In the End, It Is All About Happiness

Although we sometimes tend to deny it or to forget about it, all our actions are about happiness.

At work, people want to have a rewarding job. They want to feel appreciated and make the money they think they deserve. The boss wants to see good results. The customer wants to get the proper quality. In our personal lives, we look for the right relationships, we have hobbies, and we like spending time with our friends and loved ones.

Why do we wish for all of the above and for more? The answer is simple. When things go our way, it makes us feel good; it makes us feel happy!

Why do people change jobs? Why do people divorce? For these questions, too, the answer is simple. We change our life when we are not happy about it. Yet, not everyone makes such changes. Some settle with an unsatisfying situation. Does this make sense to anyone?

According to the theory of Henri Laborit, it does. He was a French neurobiologist and writer who studied the behavior of people when they face adverse situations. According to him, people have three ways to deal with unpleasant situations such as conflicts:

  • Running away
  • Fighting back
  • Inhibition

The French movie, Mon Oncle d’Amérique, illustrates his works by means of a comparison with lab experiments. The research background presented in the movie is a set of experiments with lab rats that Laborit carried out.

In the first experiment, the rat is in a cage with two compartments separated with a wall that has an opening allowing the rat to change compartments. Only one compartment has a floor that can be electrified. The rat gets a warning with a buzzer and four seconds later, the current flows in the floor. Very quickly, the rat realizes that when it goes into the other compartment, where the floor is insulated, it escapes the punishment. All the physical tests carried out show that the rat is in perfect health. The rat is fine.

Then, the operator shuts the opening between the two compartments. The rat cannot escape the punishment. Very quickly, we can see the rat being completely stressed, with its hair straight up and breathing quickly. The rat is not doing well at all.

Then, the operator adds a second rat in the cage. Both rats have no other choice than to take the electrical current. Instead of getting stressed and ill, the rats fight with each other, and it appears that this helps the dominant one to be perfectly healthy again.

The message of the movie is that people experience such situations everyday in our societies, and it affects them.
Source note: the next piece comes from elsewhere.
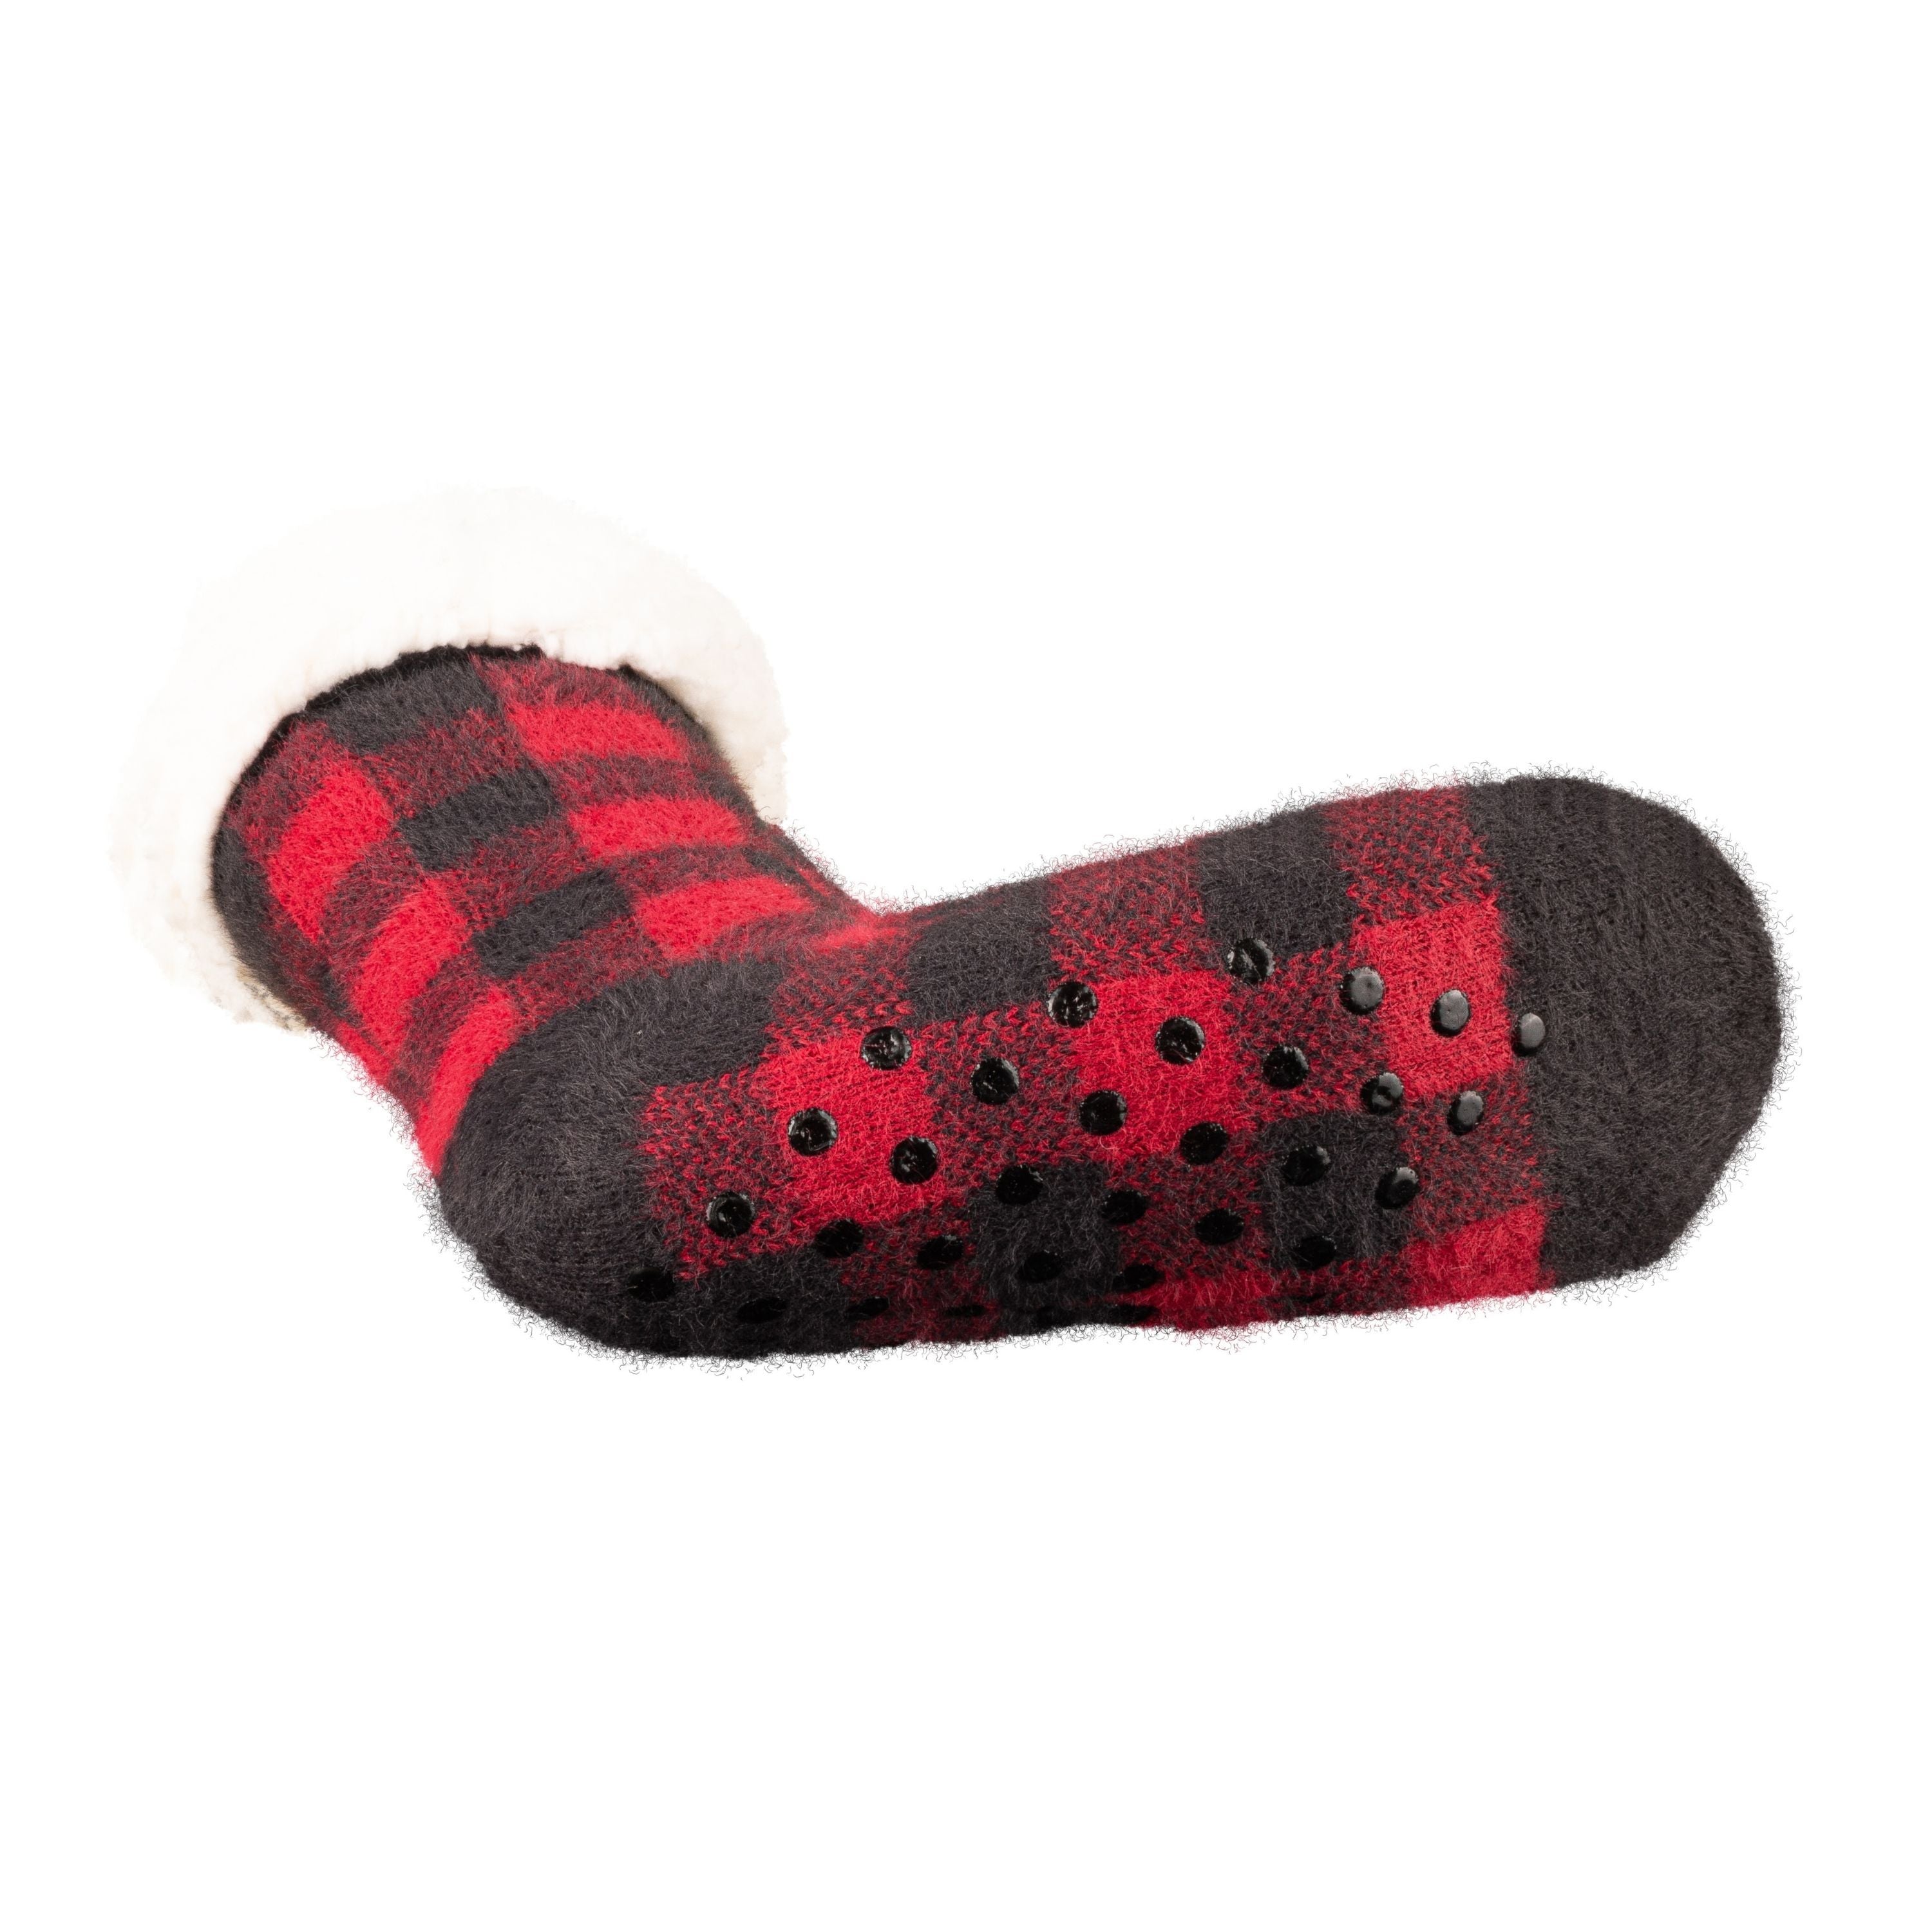 Chaussettes pantoufles "Lindau" - Junior||"Lindau" Slippers socks - Youth's

Sometimes, they choose to run away from difficult situations to avoid the tension, such as quitting a job because of a bad boss, instead of enduring stress every day. Sometimes, they fight back, even fight literarily, although the laws do not accept violence as a way of resolving conflicts. When people have no possibility to run away or fight, Henri Laborit’s theory is that they choose inhibition and do nothing at all. They simply take the punishment. Some can compensate this by fighting with their spouses at home, but this usually does not bring much good, either. According to Laborit, inhibition is the stage of angst, and angst is the result of the inability to cope with a situation that seems to have no solution. This usually results in ailment and even diseases, be it physical like ulcers or even cancer, or be it psychological leading to neurosis or depression. Turning against the own body becomes the way of fighting back, and the ultimate act of violence that one can commit against oneself is suicide.

On the other hand, he also noticed that when the rat experiences something that brings satisfaction and pleasure, its natural impulse is to get more of it. If it feels good, then it must be good!

This illustrates nicely how important it is to try constantly to look for satisfaction in our lives, at work and at home.